### Material supplied
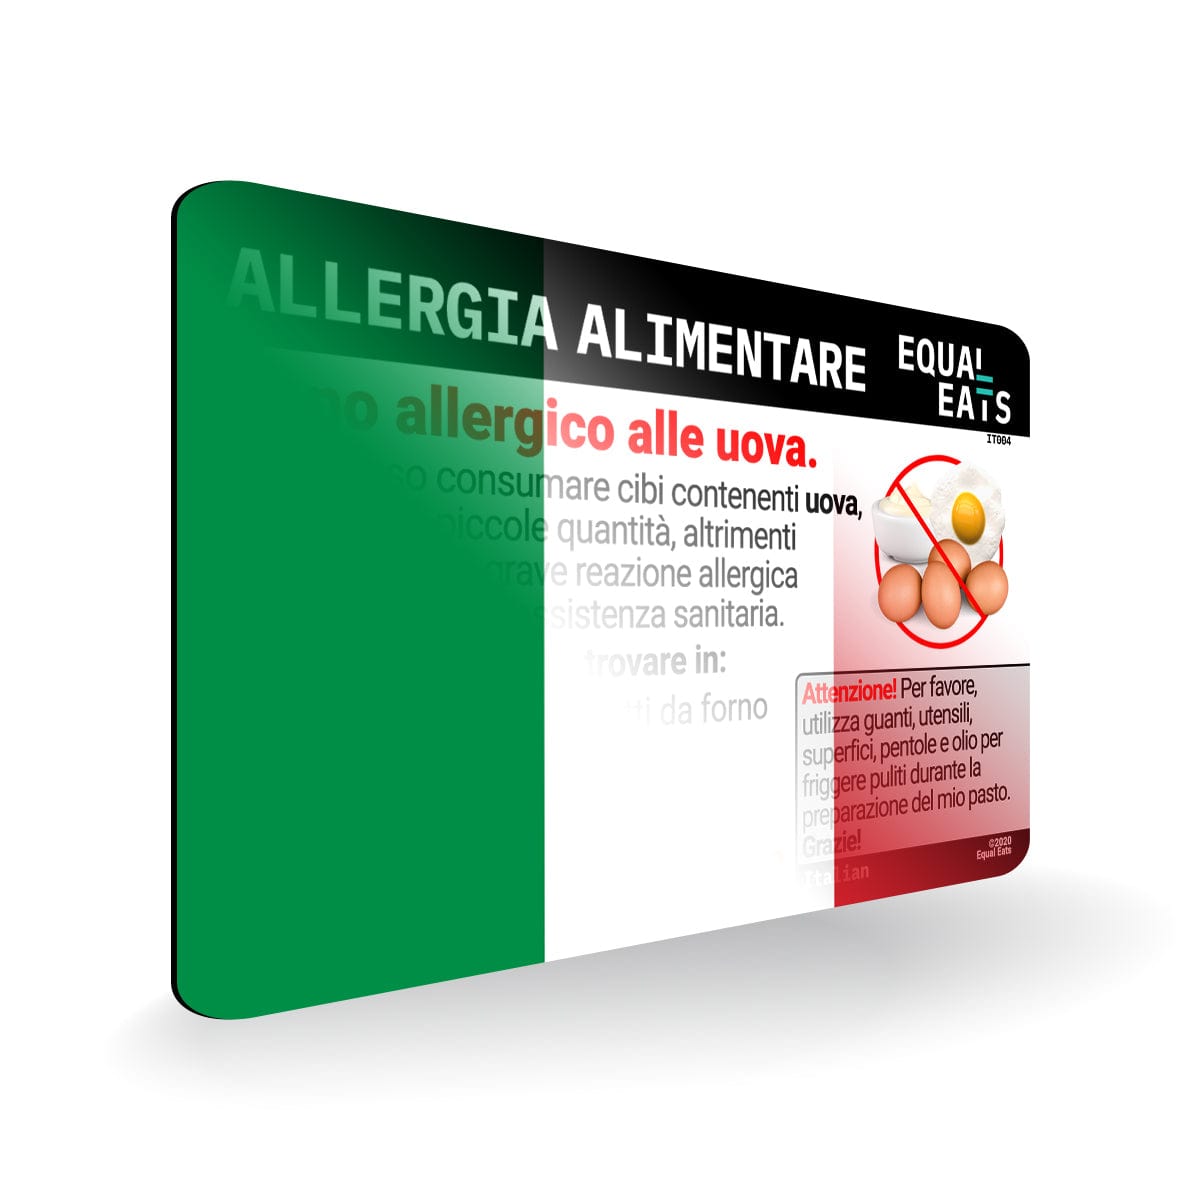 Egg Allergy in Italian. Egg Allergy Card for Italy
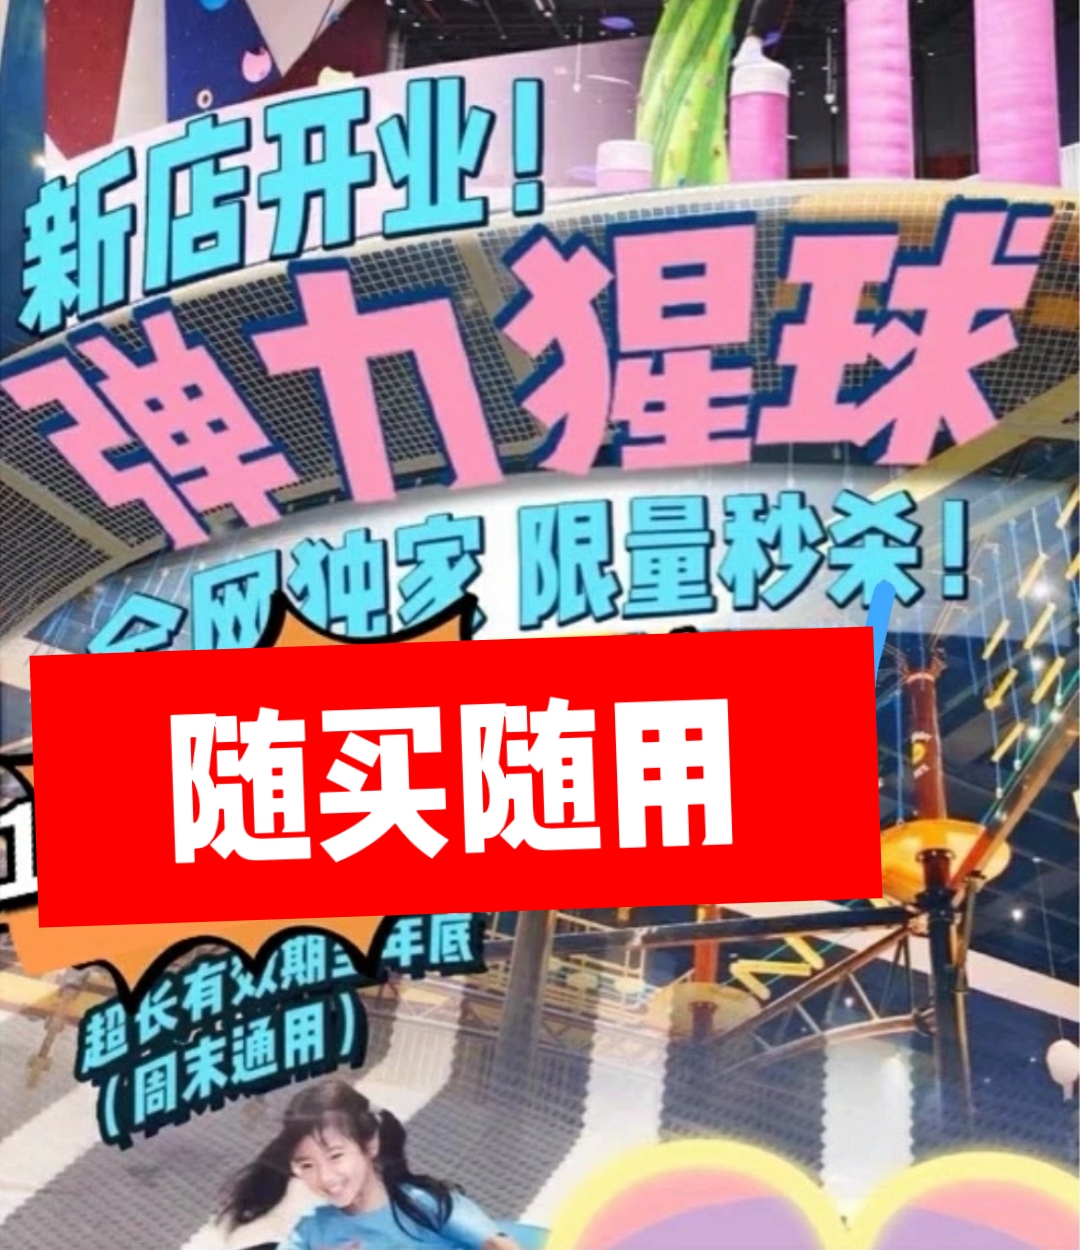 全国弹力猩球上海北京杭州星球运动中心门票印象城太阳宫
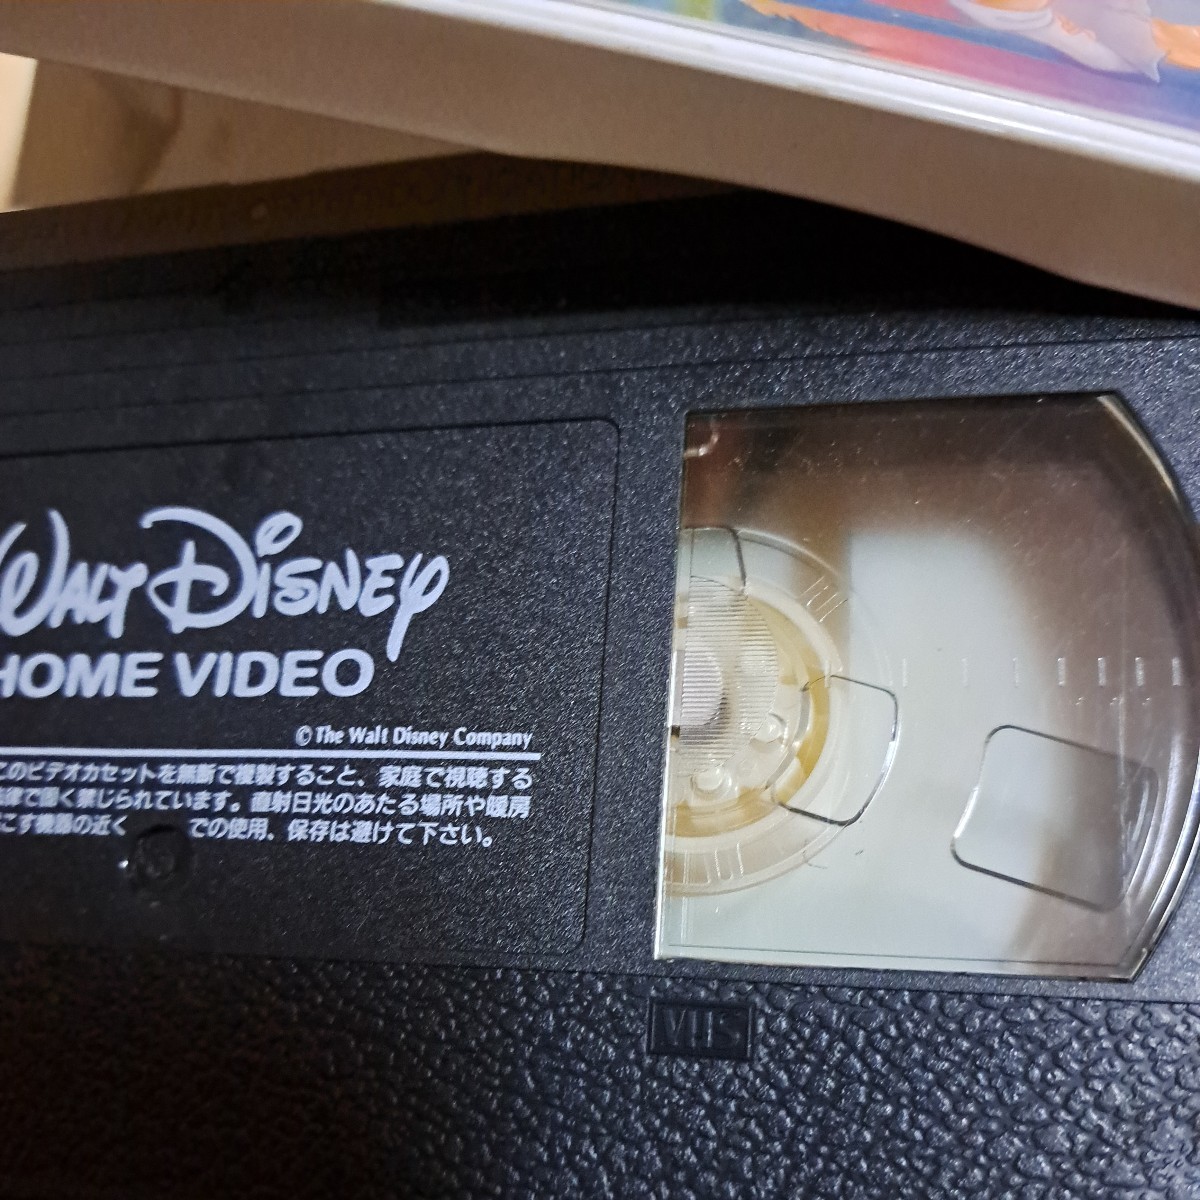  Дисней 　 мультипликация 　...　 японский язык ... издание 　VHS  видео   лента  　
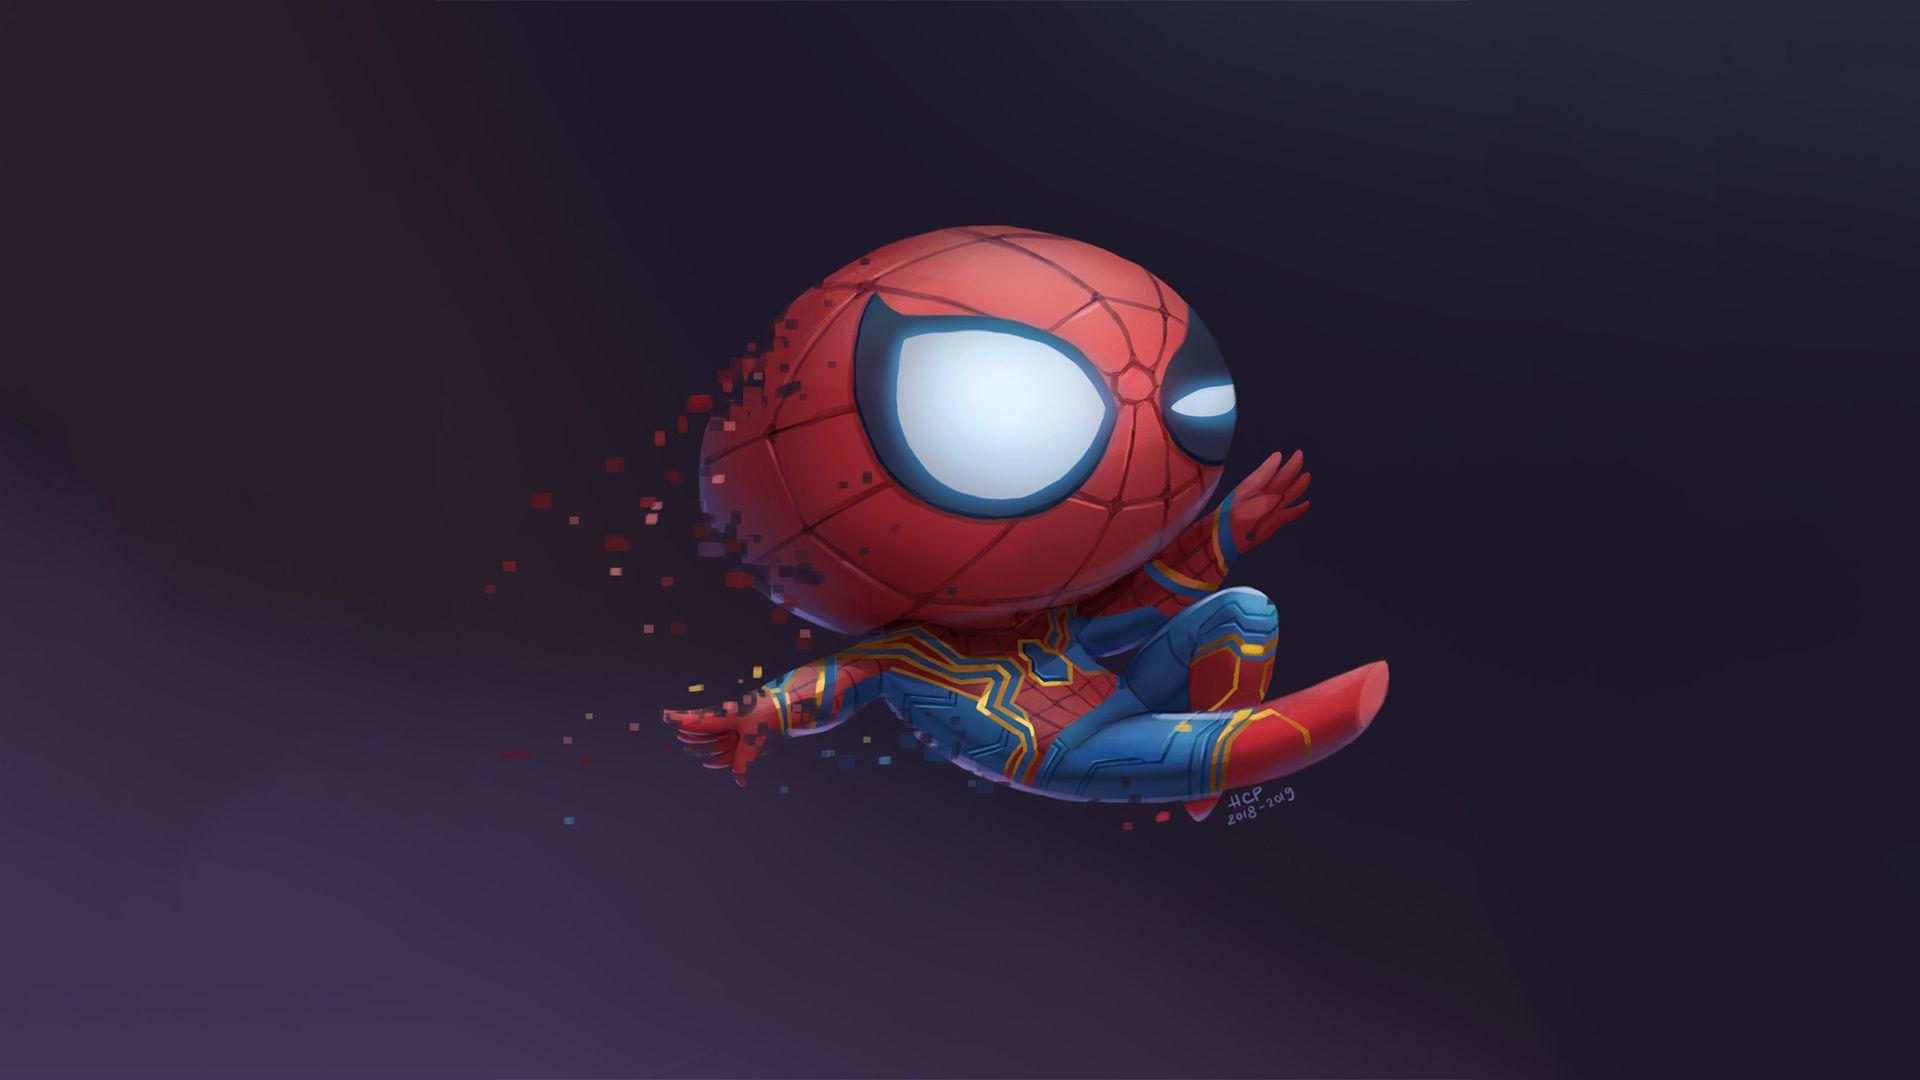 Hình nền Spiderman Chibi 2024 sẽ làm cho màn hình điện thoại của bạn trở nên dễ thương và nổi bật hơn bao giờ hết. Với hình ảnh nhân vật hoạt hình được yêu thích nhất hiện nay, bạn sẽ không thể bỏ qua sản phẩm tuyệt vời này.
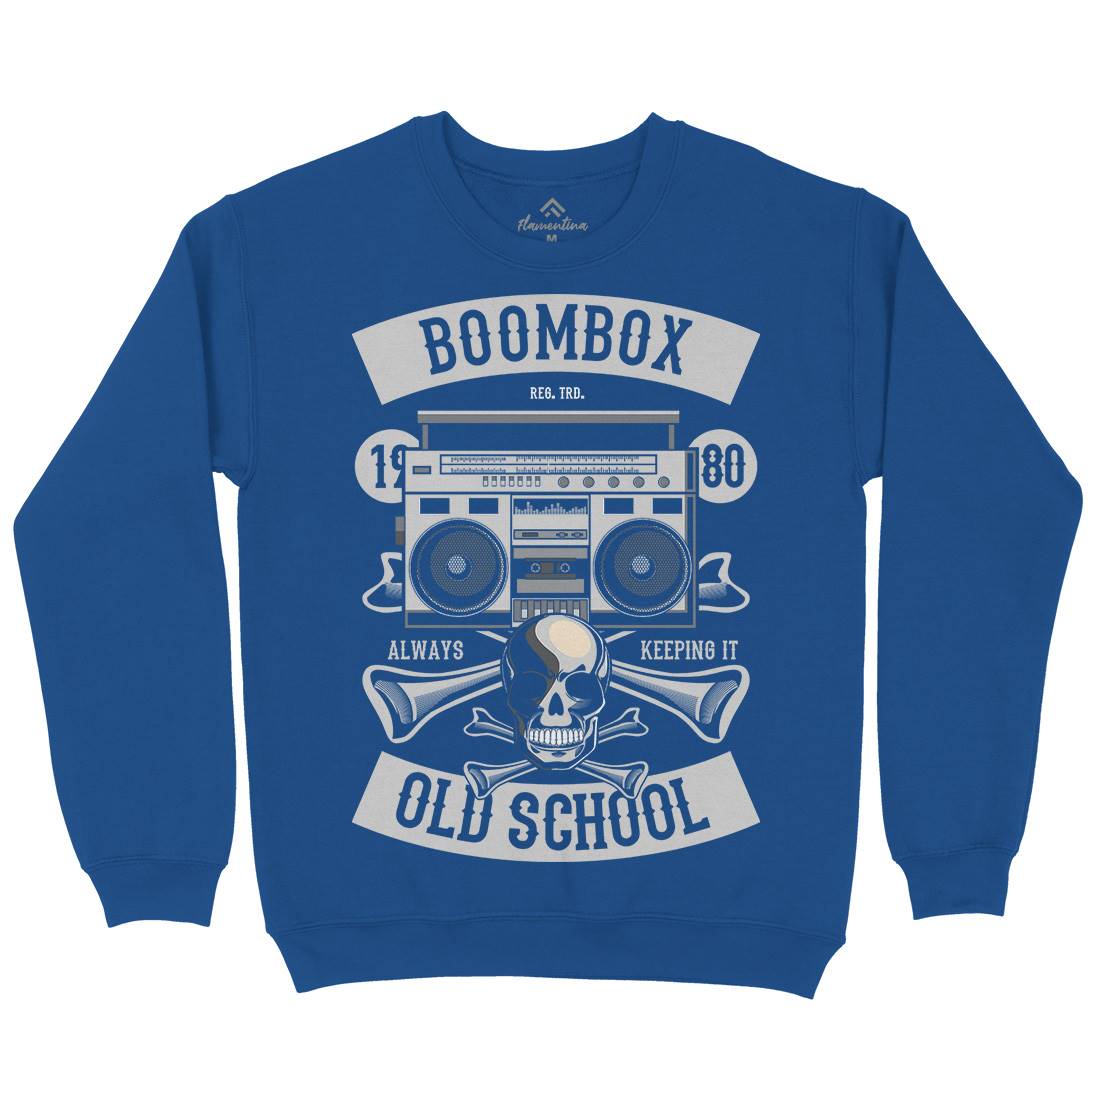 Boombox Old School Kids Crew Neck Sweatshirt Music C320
######
▶ _What is expected_: Print the records above verbatim, pictures excluded.

▶ _Result of the exercise_:
 Egg Allergy in Italian. Egg Allergy Card for Italy
 全国弹力猩球上海北京杭州星球运动中心门票印象城太阳宫
  Дисней 　 мультипликация 　...　 японский язык ... издание 　VHS  видео   лента  　
 Hình nền Spiderman Chibi 2024 sẽ làm cho màn hình điện thoại của bạn trở nên dễ thương và nổi bật hơn bao giờ hết. Với hình ảnh nhân vật hoạt hình được yêu thích nhất hiện nay, bạn sẽ không thể bỏ qua sản phẩm tuyệt vời này.
 Boombox Old School Kids Crew Neck Sweatshirt Music C320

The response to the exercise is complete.